Task to complete: Write out every line of the material exactly as it appears.

Given material:
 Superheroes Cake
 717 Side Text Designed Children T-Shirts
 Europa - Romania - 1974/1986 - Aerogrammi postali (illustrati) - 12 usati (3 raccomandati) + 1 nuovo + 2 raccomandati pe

Reply:
 Superheroes Cake
 717 Side Text Designed Children T-Shirts
 Europa - Romania - 1974/1986 - Aerogrammi postali (illustrati) - 12 usati (3 raccomandati) + 1 nuovo + 2 raccomandati pe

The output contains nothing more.